For me I love my family.. Unconditionally but that doesn't stop me from hating what they do or who they have become. In short. No its not wrong, imho.


----------



## bella1342 (Mar 12, 2010)

Totally agree with Karren. I love my family though, and it would never be any other way. That's just me though. If they did something bad.. or something to me.. I wouldn't be able to hate them. Just upset with their actions. I'd be sad.

It's not wrong though if you feel that way.


----------



## magosienne (Mar 12, 2010)

It's not wrong, i love my family but their actions, now it's a totally different question. I would try to sit and talk to him, ask him why the change of attitude, maybe he has issues he does not know how to talk about. If not possible, then at least you've tried, maybe you just have to let things cool down, let him marinate like we say here, until he doesn't see his sister so negatively. Just let him know you're here if he needs you, but you're also not going to do anything together until he has improved his attitude towards you.


----------



## Shelley (Mar 12, 2010)

Originally Posted by *magosienne* /img/forum/go_quote.gif It's not wrong, i love my family but their actions, now it's a totally different question. I would try to sit and talk to him, ask him why the change of attitude, maybe he has issues he does not know how to talk about. If not possible, then at least you've tried, maybe you just have to let things cool down, let him marinate like we say here, until he doesn't see his sister so negatively. Just let him know you're here if he needs you, but you're also not going to do anything together until he has improved his attitude towards you. I agree with you





I don't get along with my brother at the best of times. I love him but I won't take his bossy attitude anymore. I hate his actions towards me but I do love him.


----------



## Johnnie (Mar 13, 2010)

I agree with all of the above. The thing that bothered me about this was.... "I'm scared I might severely hurt him one day because my temper is very short lived. I really just want to beat him until he bleeds and then continue beating him............I really just want to cause him some serious bodily harm and pain." I know you're frustrated, wanna lash out and get your point across by physically hurting him but it's not gonna get you guys anywhere but maybe into a more difficult situation. Definitely address your feelings and if he chooses not to change his attitude and how he's been acting then you can only focus on yourself. I'd suggest doing something that will occupy your mind when you get to that boiling point. Maybe work out, take a walk, take a bath, visit family, etc...


----------



## Chaeli (Mar 13, 2010)

I love my family unconditionally. My immediate family. My siblings and other family members I do love but I do not respect them or their values. I do not drink nor do drugs thus I do not fit in. I do not like to be stolen from and nor do I like the family cut throatings. And that is why I moved many thousands of miles away from them all and never plan on going near them again.

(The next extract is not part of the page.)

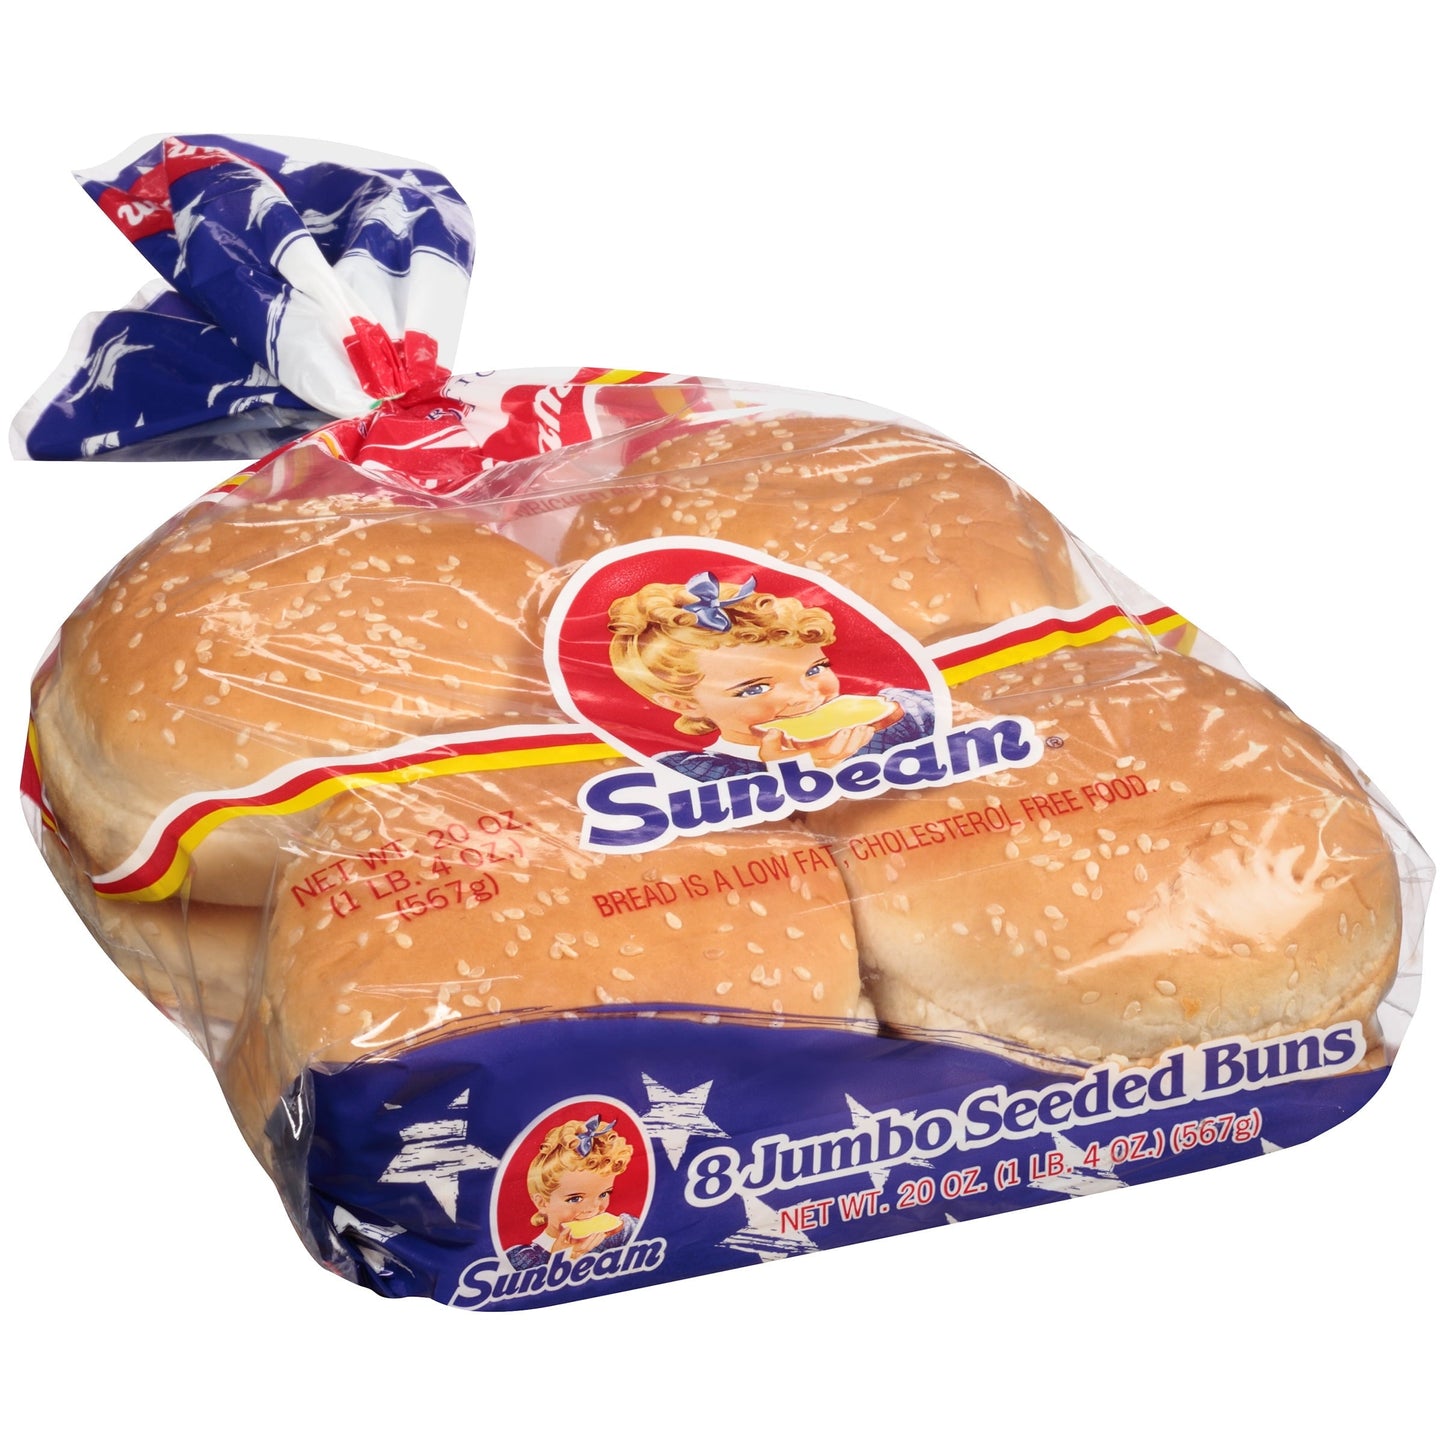 Sunbeam® Enriched Jumbo Seeded Sandwich Rolls 8 ct Bag

In return, I now have the greatest, most loving and devoted family I could ever have dreampt of having and so much more. Had I stayed where we were at, it would have ruined any chance I had at happiness. It was well worth the turning my back and walking away.


----------



## MomentoMoir (Mar 13, 2010)

no its not wrong to hate family at all


----------



## bCreative (Mar 13, 2010)

Originally Posted by *Johnnie* /img/forum/go_quote.gif I agree with all of the above. The thing that bothered me about this was.... "I'm scared I might severely hurt him one day because my temper is very short lived. I really just want to beat him until he bleeds and then continue beating him............I really just want to cause him some serious bodily harm and pain." I know you're frustrated, wanna lash out and get your point across by physically hurting him but it's not gonna get you guys anywhere but maybe into a more difficult situation. Definitely address your feelings and if he chooses not to change his attitude and how he's been acting then you can only focus on yourself. I'd suggest doing something that will occupy your mind when you get to that boiling point. Maybe work out, take a walk, take a bath, visit family, etc... Talking to him won't work. Tried it and all we do is argue. But thanks everyone for the advice and help, kinda surprised that some said that hating family or a member was not wrong.


----------



## Darla (Mar 16, 2010)

This has always been a bit of a mixed bag for me. I had resentments towards my parents.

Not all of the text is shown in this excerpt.